Bila menilik judulnya, isinya pasti tak jauh dari hal-hal yang berkaitan dengan rumah kos. Dan bila memperhatikan penulisnya, Anas Hidayat dan Andy Rahman, anak didik Prof Josef Prijotomo (pensiunan guru besar ITS yang sekarang mengajar di Unpar Bandung sekaligus penggiat Arsitektur Nusantara), isinya sudah pasti berbicara tentang dunia arsitektur. Di sela-sela waktu sibuk mereka, Machmud Yunus, jurnalis Ngopibareng.id berkesempatan melakukan wawancara untuk mengupas lebih dalam buku Ngekos dan sekaligus membongkar ilmu mereka dalam menjual buku.
Bisakah Mas Anas dan Mas Andy ceritakan secara singkat tentang perjalanan karir kalian baik sebagai arsitek maupun penulis?

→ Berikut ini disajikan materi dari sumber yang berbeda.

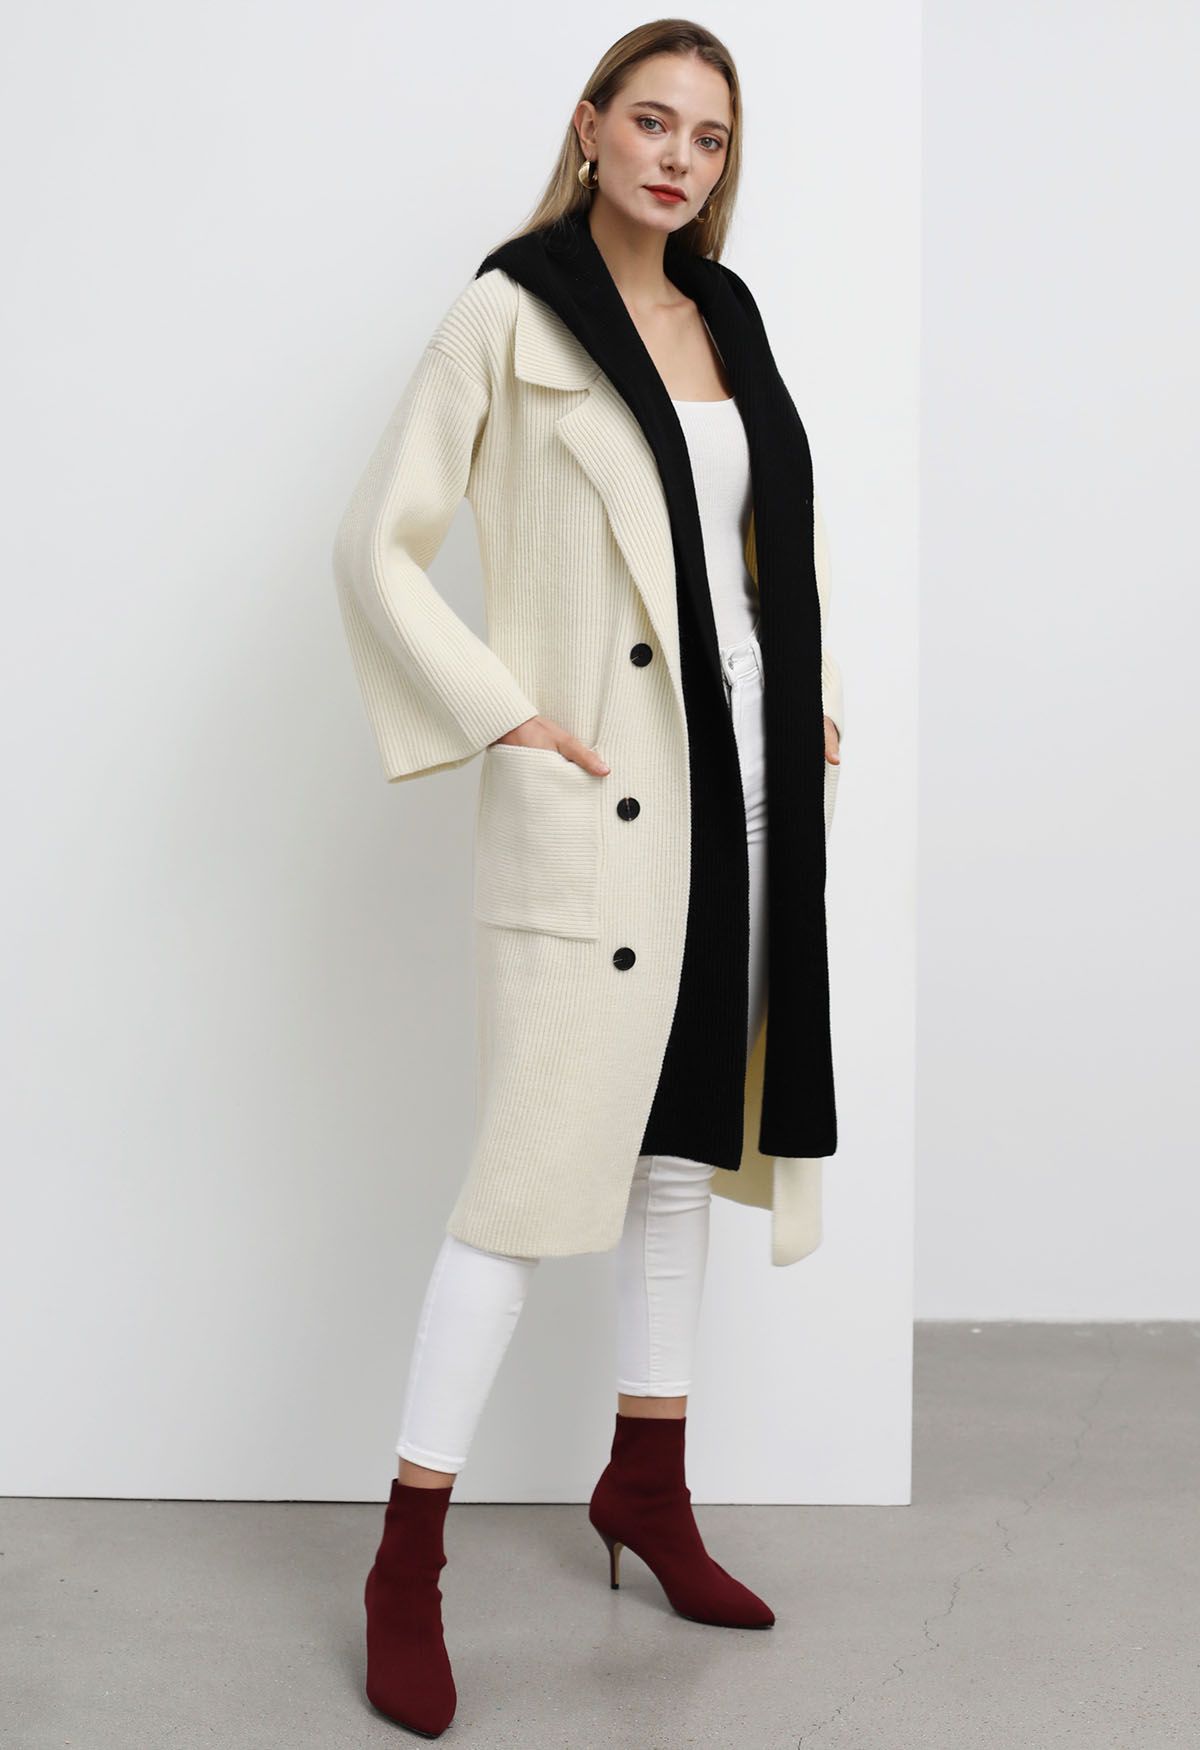 Kontrastfarbener, zweiteiliger, langer Mantel mit Kapuze in Creme

Anas: Ketika lulus dari S2 arsitektur di ITS tahun 2002, saya sudah ingin berkarir dalam penulisan, utamanya penulisan arsitektur. Saya sempat beberapa tahun bekerja di biro arsitektur, kemudian memutuskan keluar untuk menjadi dosen di UKDC Surabaya dan UPN Veteran Jatim, agar lebih fokus juga untuk menulis.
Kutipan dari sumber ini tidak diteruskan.